3. cryogenic magnetic system according to claim 1 and 2, wherein, this refrigeration machine is a kind of GM type refrigeration machine, and this magnetic material (14) is a regenerator movably.

4. cryogenic magnetic system according to claim 3, wherein, this refrigeration machine is a kind of two-stage GM type refrigeration machine, and this magnetic material is this second level refrigeration machine.

5. according at preceding any described cryogenic magnetic system of claim, wherein, this refrigeration machine is accommodated in the refrigeration machine branch sleeve (5), described branch sleeve is in the space between this low-temperature (low temperature) vessel and this vacuum jacket basically, and this electrically conductive shield is positioned on the outside of this branch sleeve.

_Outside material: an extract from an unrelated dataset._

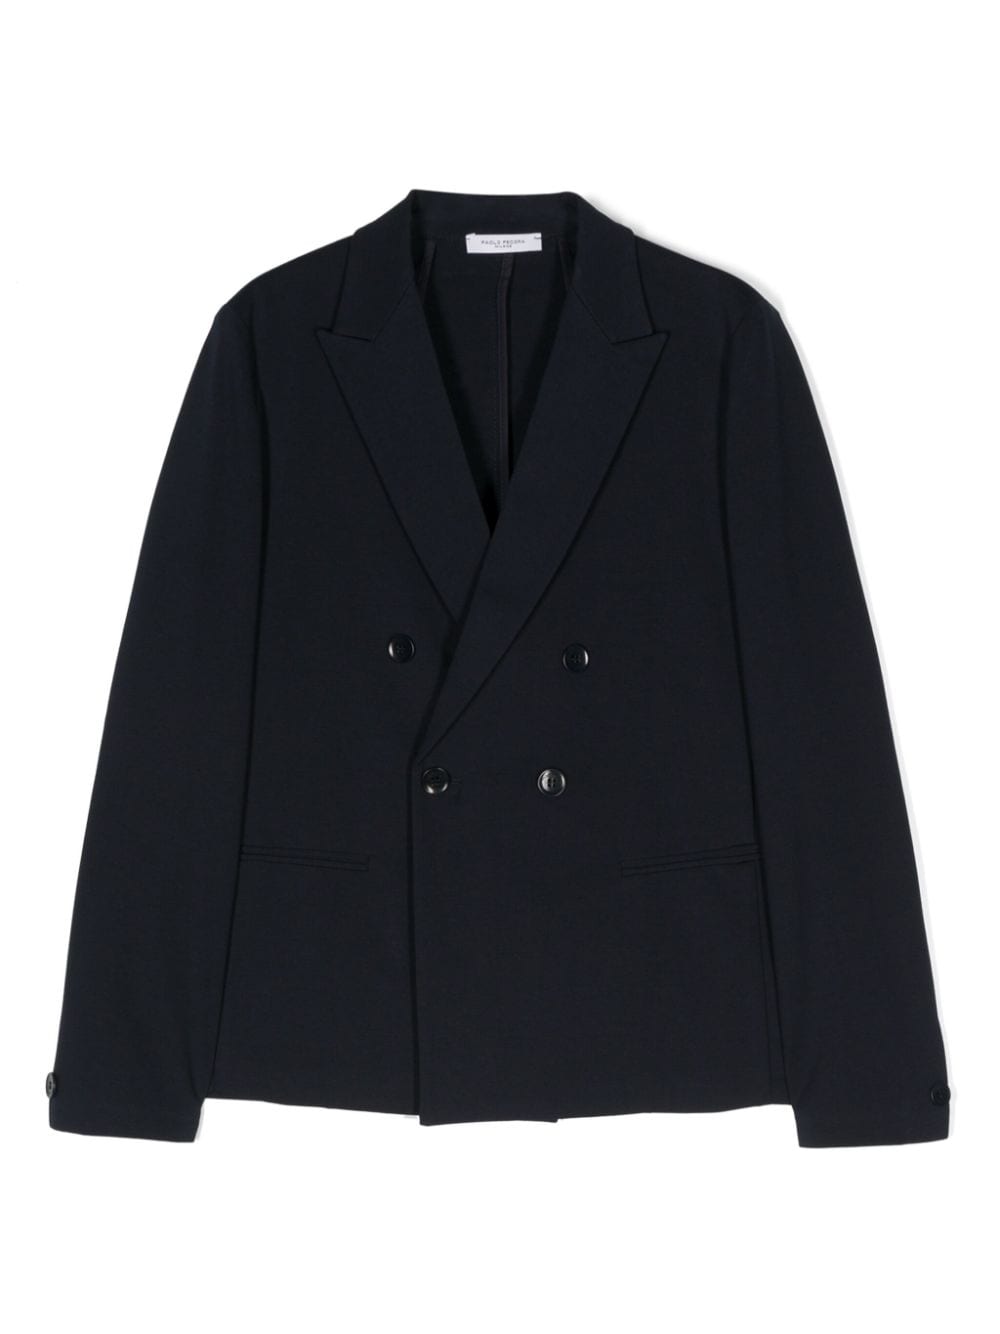 Image 1 of Paolo Pecora Kids double-breasted blazer

6. according at preceding any described cryogenic magnetic system of claim, wherein, the cooling segment of this refrigeration machine is exposed to the inside of this low-temperature (low temperature) vessel.

7. according at preceding any described cryogenic magnetic system of claim, wherein, the material that constitutes this electrically conductive shield is selected from: aluminium; Copper.

8. cryogenic magnetic system according to claim 7, wherein, the purity of this radome material is at least 99.999%.

9. according at preceding any described cryogenic magnetic system of claim, wherein, this radome comprises at least two building blocks, and described at least two building blocks are in place around this refrigeration machine assembling.

10. according at preceding any described cryogenic magnetic system of claim, basically as described and/or such as shown in drawings.